Today’s topic is therapy, and we answer some questions that families often ask about therapy.

Is therapy the only thing that will help my child? No. Therapy is often the first thing recommended because it is well-known, but other things can be helpful as well. Simply being listened to can help, as can understanding your and your child’s options and rights in the different systems that work with your child. Families as Allies is always happy to listen and advocate with you for what you want for your child. We understand because we are parents too. You can call us at 601-355-0915. We are committed to bringing families and all partners together at the system level to address ongoing barriers that families and children face.

Parent-peer support can make a tremendous difference when one parent who has been through challenges with their child uses their experience to help another parent. Making a Plan (MAP) teams in local communities help families find resources when children are at risk for out-of-home placement. Care coordination through medical homes for all children and through wraparound for children with the most significant needs brings together formal and informal resources to support families and children. Mental health consultation helps people working with our children, such as medical providers, teachers and childcare providers, understand our children’s needs.

 How Do I Know if My Child Might Benefit from Therapy? According to the Centers for Disease Control, children may be experiencing mental health challenges if, compared to most children their age:

  •  They are not reaching developmental and emotional milestones.
  •  They are having trouble learning healthy social skills and how to cope when there are problems.
  • They do not have a positive quality of life.
  • They cannot function well at home, in school, and in their communities.

These are online resources to find out more if your child’s behavior is typical:
Young Children:
Zero to Three “What to Expect” Chart (birth to 3)
CDC Birth to 5 Milestones (birth to 5)
Older Children:
Child Mind Institute Warning Signs and Symptom Checker (ages 4 and up)
National Alliance on Mental Illness Know the Warning Signs (adults and adolescents with a separate list for children)

How Do I find a Therapist for My Child? We encourage you to seek out a licensed therapist. Licensure boards can help protect people receiving services from harm and typically provide a way to register complaints. At the same time, just being licensed doesn’t mean a particular therapist is a match for your child. Other families may have suggestions about licensed therapists they have used. Your child’s medical provider, your faith leader or your child’s school may also have recommendations.
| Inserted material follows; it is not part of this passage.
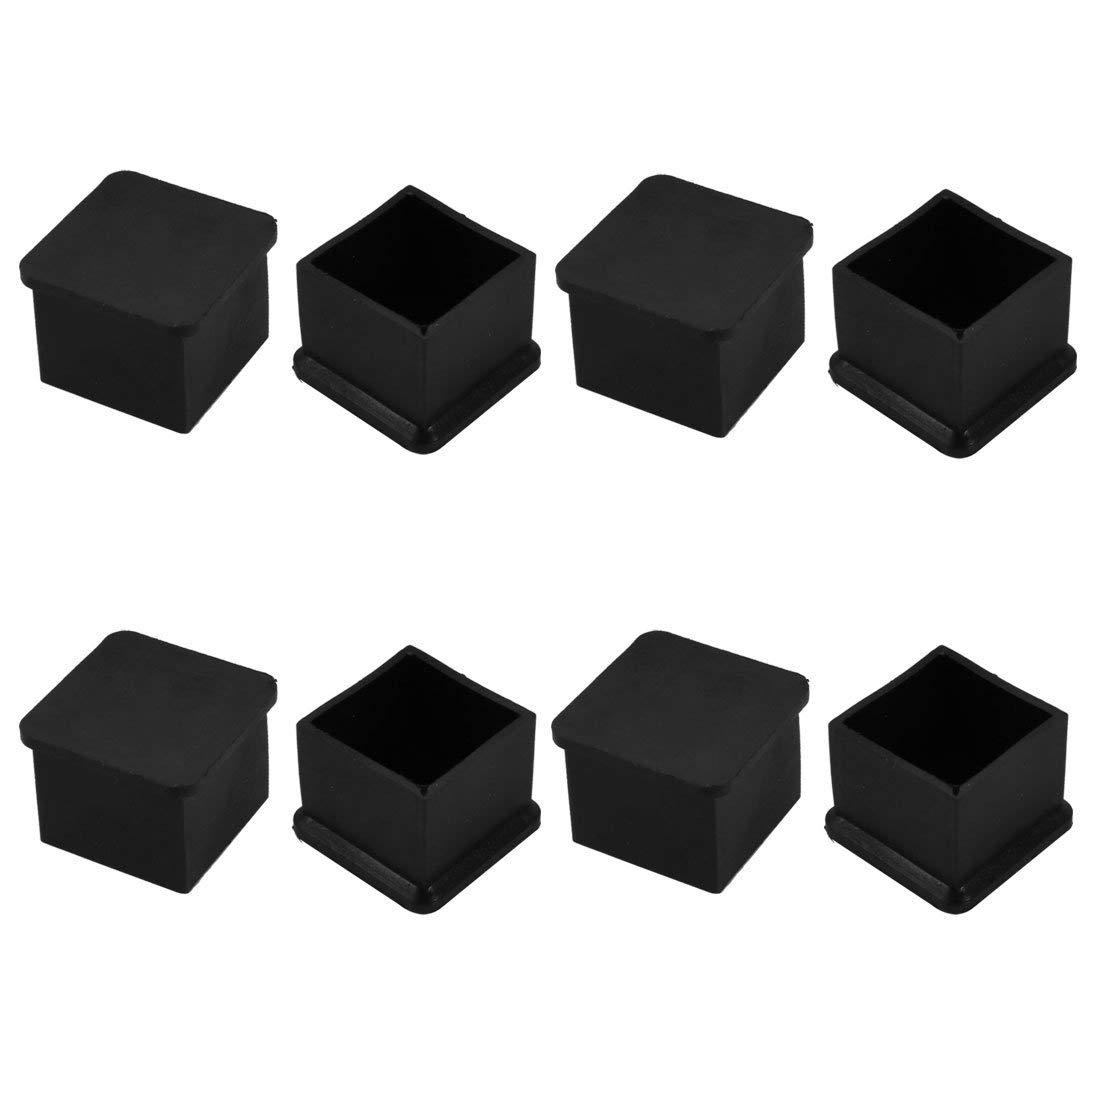 8pc 30mm x 30mm Tuyau Insert Chaise Jambe Cap Carr/é Noir PVC Bouchon Tube

Psychology Today maintains a list of licensed therapists in Mississippi. You can check with licensing groups for different mental health professionals as well:
National Association of Social Workers – Mississippi Chapter 800-742-4089
Mississippi Board of Psychology 1-888-693-1416
Mississippi Psychological Association Facebook page
Mississippi Psychiatric Association Facebook page 601-898-9662
Mississippi State Board of Examiners for Licensed Professional Counselors 601- 359-1010
Mississippi State Board for Social Workers and Marriage and Family Therapists 601-987-6806

You can also check with your local Community Mental Health Center about their services and refer to this list of Certified Providers through the Department of Mental Health.

What Should I Expect from My Childs’s Therapy?
The therapist should work with your child and you (parents may be less involved as children get older) to develop an individualized practical plan to respond to the situation that brought your child to therapy. There should be agreed-upon goals and ways to tell whether or not they’ve been met. You and your child should feel respected and comfortable sharing your input and asking questions.

There are some mental health conditions for which specific treatment approaches have been shown effective. This is called “evidence-based” treatment. Just because a treatment is evidence-based doesn’t mean it will help every child, but asking therapists about the evidence-based treatments they offer and what types of training they have to provide these treatments can be helpful.